If an access is going to memory from a CPU, it is going through the individual connections to the L1 to L2, to the L2 interface, to the system request queue, and then the memory controller.
Jaguar is a low-power architecture, so there are already things like half-width buses between the caches, and the L2 interface per cluster is only able to transfer a limited amount of data per clock.
The magic of caches is that (usually, hopefully) you don't need to lean on these connections more than 10% (or some other small number) of the time per level. So you only want to go out of the L1 10% of the time, and of the times you do, only 10% will hit the L2 interface.
AMD's architectures past this point have a memory crossbar with fixed width connections, which has itself been a bottleneck in the past.
There is also a request queue that coherent accesses (most CPU accesses) must go on so that they can be kept in order, snoop the other L2, and so that the Onion bus can do its job.
This is all in the uncore and would be part of the northbridge.
This ordered and coherent domain has to manage the traffic between the clients and broadcast coherence information (a lot of back and forth) between them.
AMD probably wants to do this all without too much hardware, power, latency, or engineering effort.

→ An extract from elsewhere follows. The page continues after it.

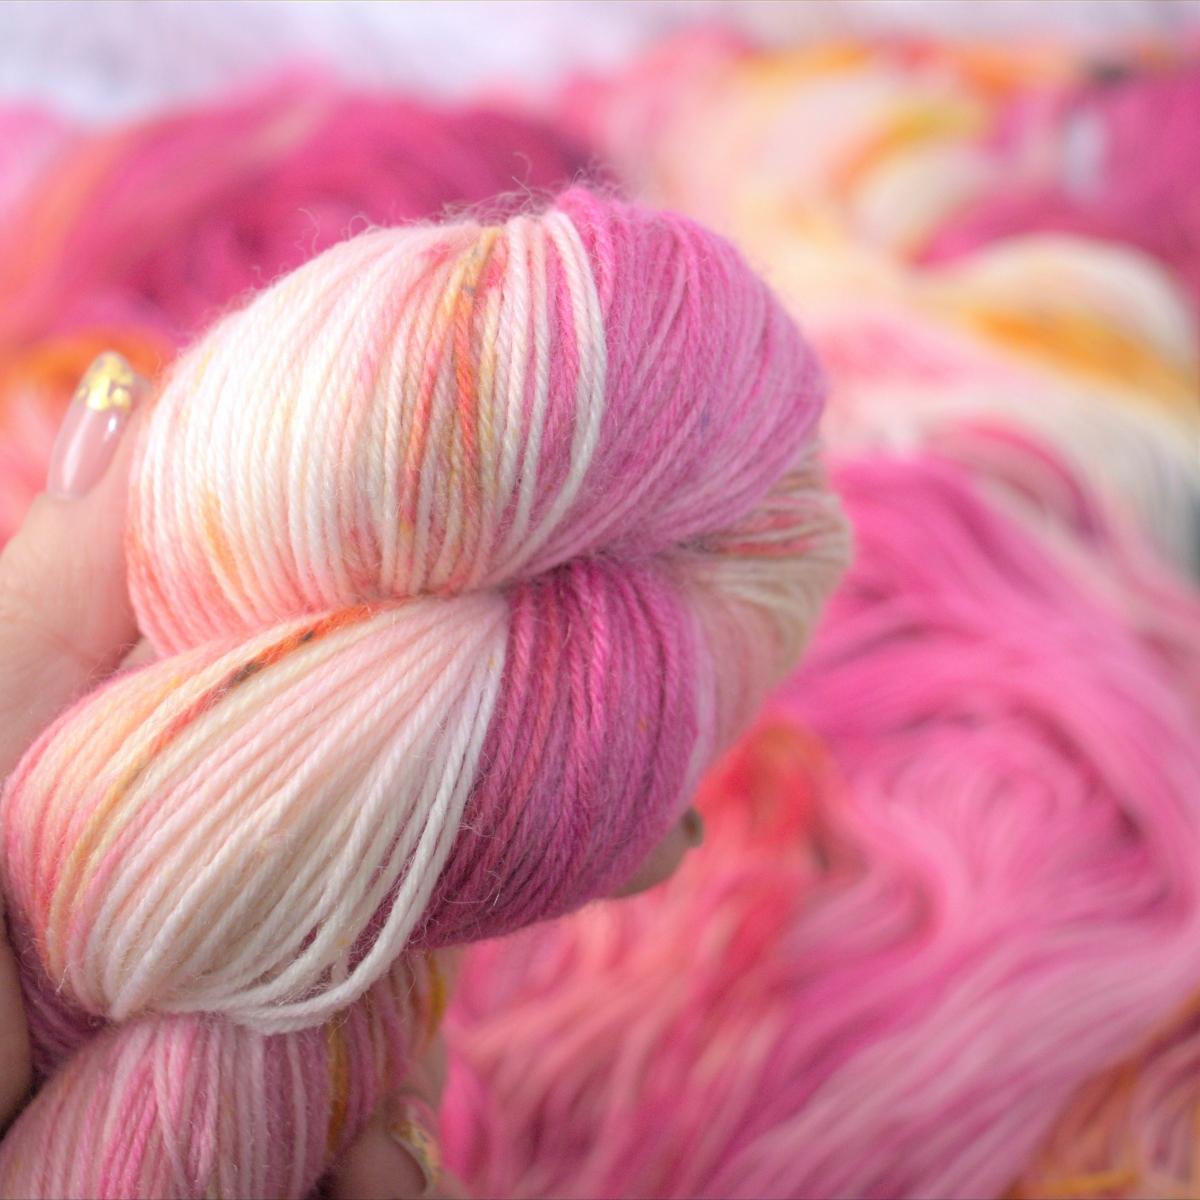 woodico.pro hand dyed yarn 052 copy 1 1200x1200 - Hand dyed yarn / 053
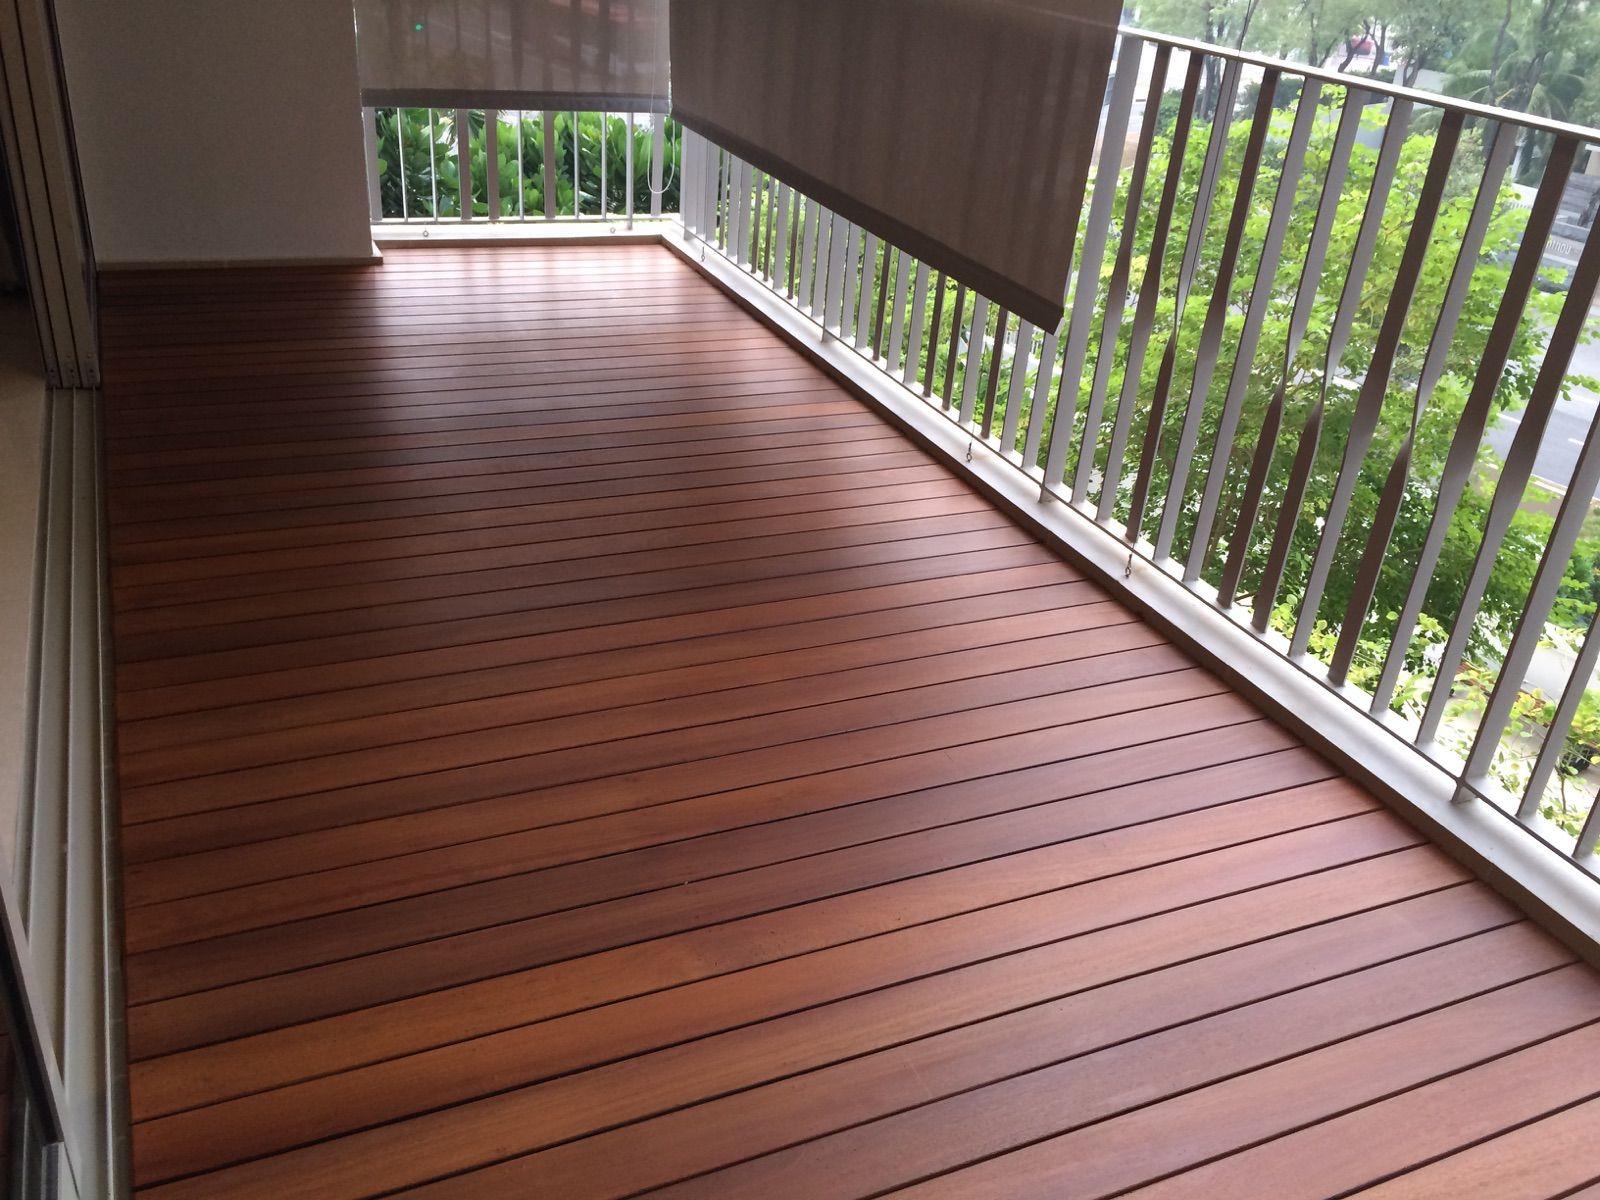 composite decking tiles prices Decks and porches, Wooden

Contrast this with Garlic, which is not coherent and deals with a GPU whose memory model is very weakly ordered, not CPU coherent, and whose memory subsystem has extremely long latency. This is a comparatively simpler connection that goes from the GPU memory subsystem to the memory controllers.
Thanks. Im still wondering why AMD would design more throughput for a DDR3 based apu versus a GDDR5 based apu.
But I don't won't to push the discussion off topic.